One bitwise NOT, one shift, one hardware instruction. Elegant — but in practice, most production UTF-8 libraries don't use this. Rust's standard library uses a 256-byte lookup table. So does Git's utf8.c. Lookup tables are simpler, branchless, and the table lives in L1 cache after the first access. The real speed demons like simdutf skip scalar decoding entirely and classify 16–64 bytes at once using SIMD vector comparisons. The point isn't which approach wins — it's that Thompson and Pike designed the prefix structure so that all of these approaches work. The encoding cooperates with the hardware.

é is U+00E9, which lands in the 2-byte range. The prefix 110 says "two bytes, five payload bits in this byte." The continuation 10 says "six more payload bits." Together: 0xC3 0xA9. That's why "café".encode('utf-8') gives you 5 bytes — three ASCII letters at 1 byte each, plus é at 2.

And our friend 🐙? U+1F419. That's above U+10000, so it hits the 4-byte row: prefix 11110, then three continuation bytes. 0xF0 0x9F 0x90 0x99. Four bytes for one tentacled glyph.

>>> s = "café"
>>> len(s)
4              # 4 Unicode code points
>>> b = s.encode('utf-8')
>>> b
b'caf\xc3\xa9'
>>> len(b)
5              # 5 bytes

len() in Python counts code points, not bytes. This is correct behavior, but it means "string length" and "byte length" are different things, and conflating them is a bug waiting to happen. That's why your database column that should hold 100 characters might reject a 60-character string containing emoji — the byte count exceeds the column's byte-width limit.

The `é` That Isn't the Same `é`

Here's where it gets properly weird.

Unicode has a concept called combining characters. Instead of representing é as a single code point (U+00E9, "Latin Small Letter E with Acute"), you can represent it as two: the base letter e (U+0065) followed by a combining acute accent (U+0301).

Both are valid Unicode. Both look identical on screen. Copy-paste either one and you can't tell which is which.

They are not equal.

>>> composed = "é"       # U+00E9, one code point
>>> decomposed = "e\u0301"  # e + combining accent, two code points
>>> composed == decomposed
False
>>> len(composed)
1
>>> len(decomposed)
2

(The decomposed form is written as "e\u0301" here because both strings look identical on a rendered page — that's the point. Copy both forms into Python and check len() if you don't believe it.)

Text coming from one source might use composed forms.
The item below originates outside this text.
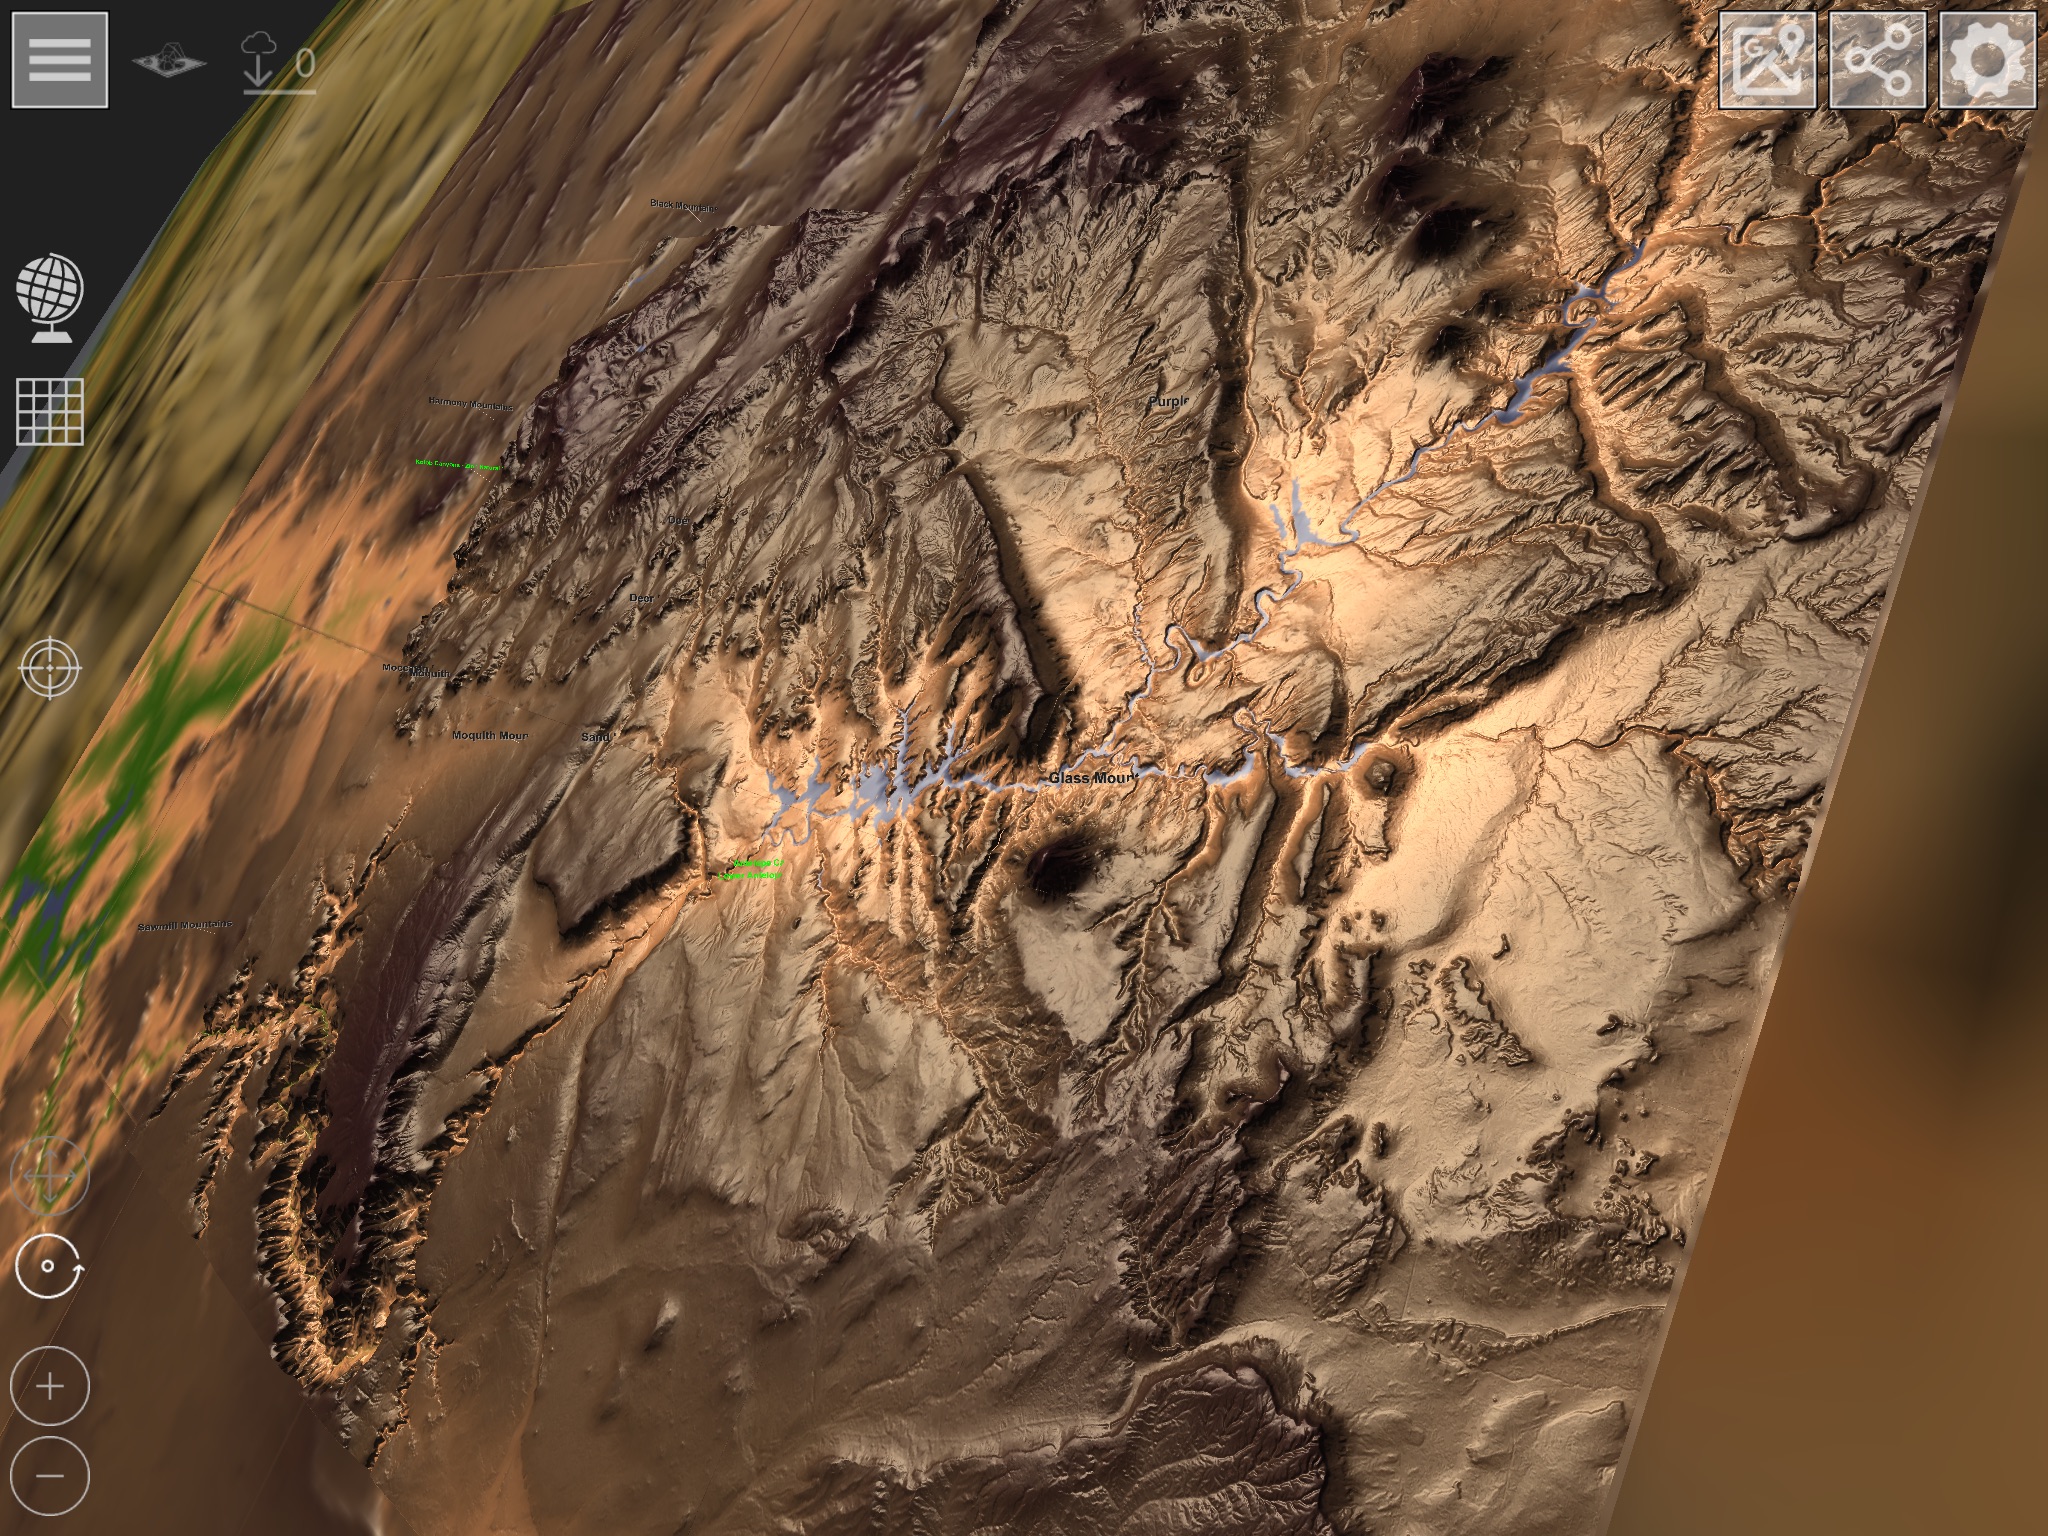 GlobeViewer: Display of the rectified 3D map on the globe

Text from another source might use decomposed forms. String comparison fails silently.

The fix is Unicode normalization — specifically, NFC (Canonical Decomposition followed by Canonical Composition) collapses decomposed sequences back into composed forms before comparison.

>>> import unicodedata
>>> unicodedata.normalize('NFC', decomposed) == composed
True

That's why your input validation, deduplication logic, and search index have a latent bug if they compare strings without normalizing first. Two strings that look identical can be unequal. No error. No exception. Just a False where you expected True, and a user who swears they typed it correctly. They did.

Why Emoji Are 4 Bytes

The emoji 🐙 is U+1F419. That's above U+FFFF, which means it needs 4 bytes in UTF-8.

This surprises people. "It's a modern character, surely the encoding handles it." It does — by using more bytes. The encoding was designed before emoji existed, and the 4-byte range was always there for code points above the Basic Multilingual Plane (the first 65,536 code points). Emoji just happen to live there.

>>> "🐙".encode('utf-8')
b'\xf0\x9f\x90\x99'   # 4 bytes
>>> len("🐙")
1                       # 1 code point (Python 3)
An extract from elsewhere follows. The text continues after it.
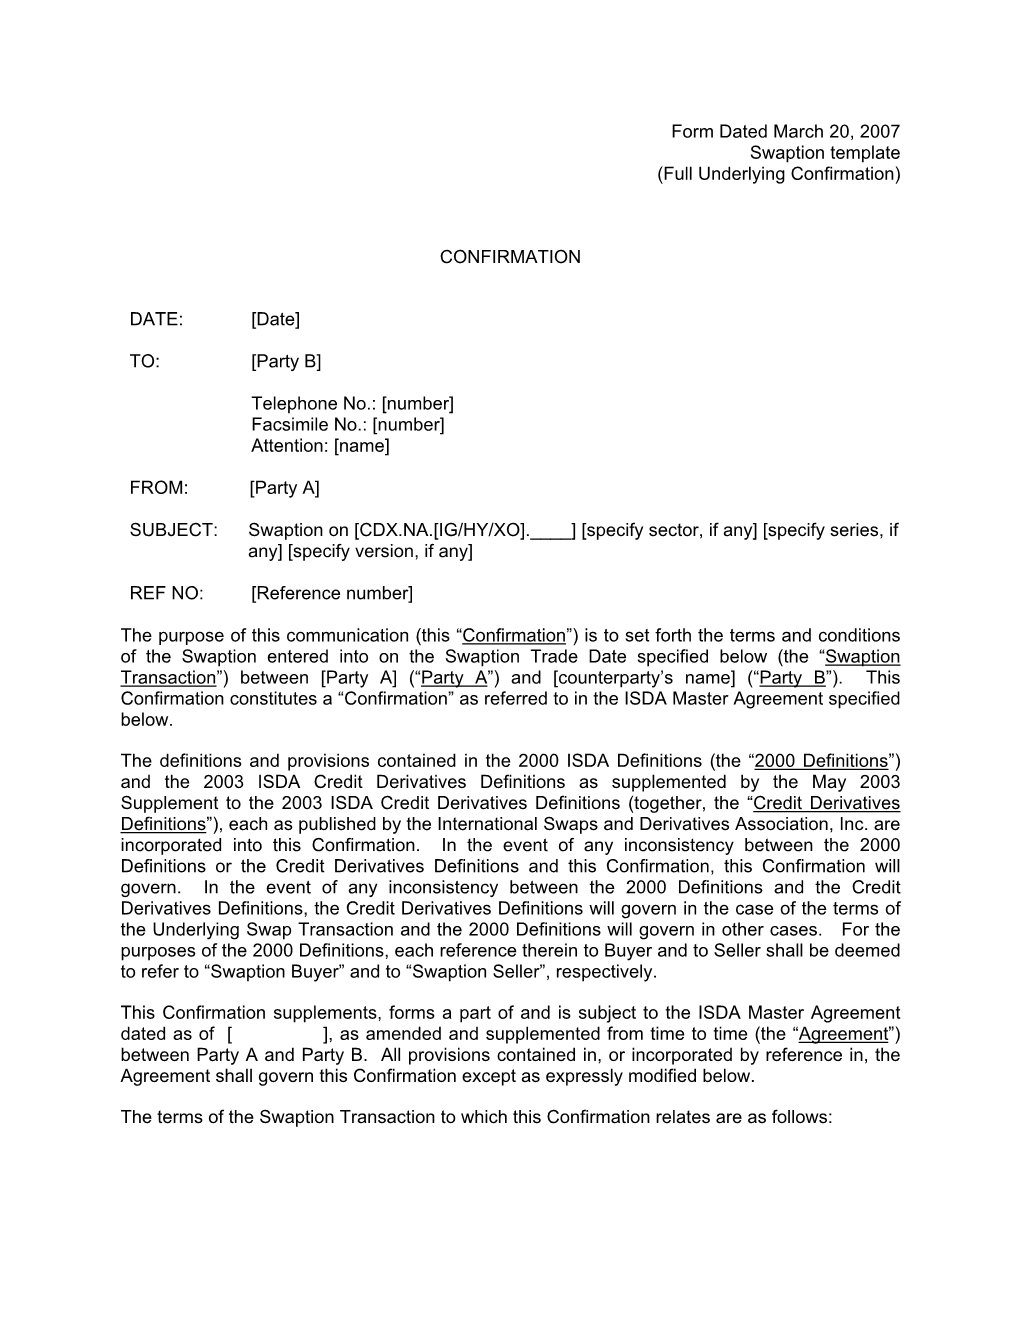 Form Dated March 20, 2007 Swaption Template (Full Underlying Confirmation)

Python 3 handles this correctly. Python 2 would either represent emoji as two "surrogate" code points or explode, depending on how it was compiled. Just remember friends don't let friends use Python 2.

When JavaScript Lies About String Length

JavaScript's String.length counts UTF-16 code units, not code points. For Basic Multilingual Plane characters, a UTF-16 code unit is one 16-bit value. For code points above U+FFFF — including most emoji — UTF-16 uses a surrogate pair: two 16-bit values.

"🇬🇧".length   // 4

That flag emoji is actually two separate emoji combined: the regional indicator letters G (U+1F1EC) and B (U+1F1E7). Each is above U+FFFF, so each takes a surrogate pair in UTF-16. Two surrogate pairs = four UTF-16 code units = length of 4. One grapheme. One visible symbol. Length 4.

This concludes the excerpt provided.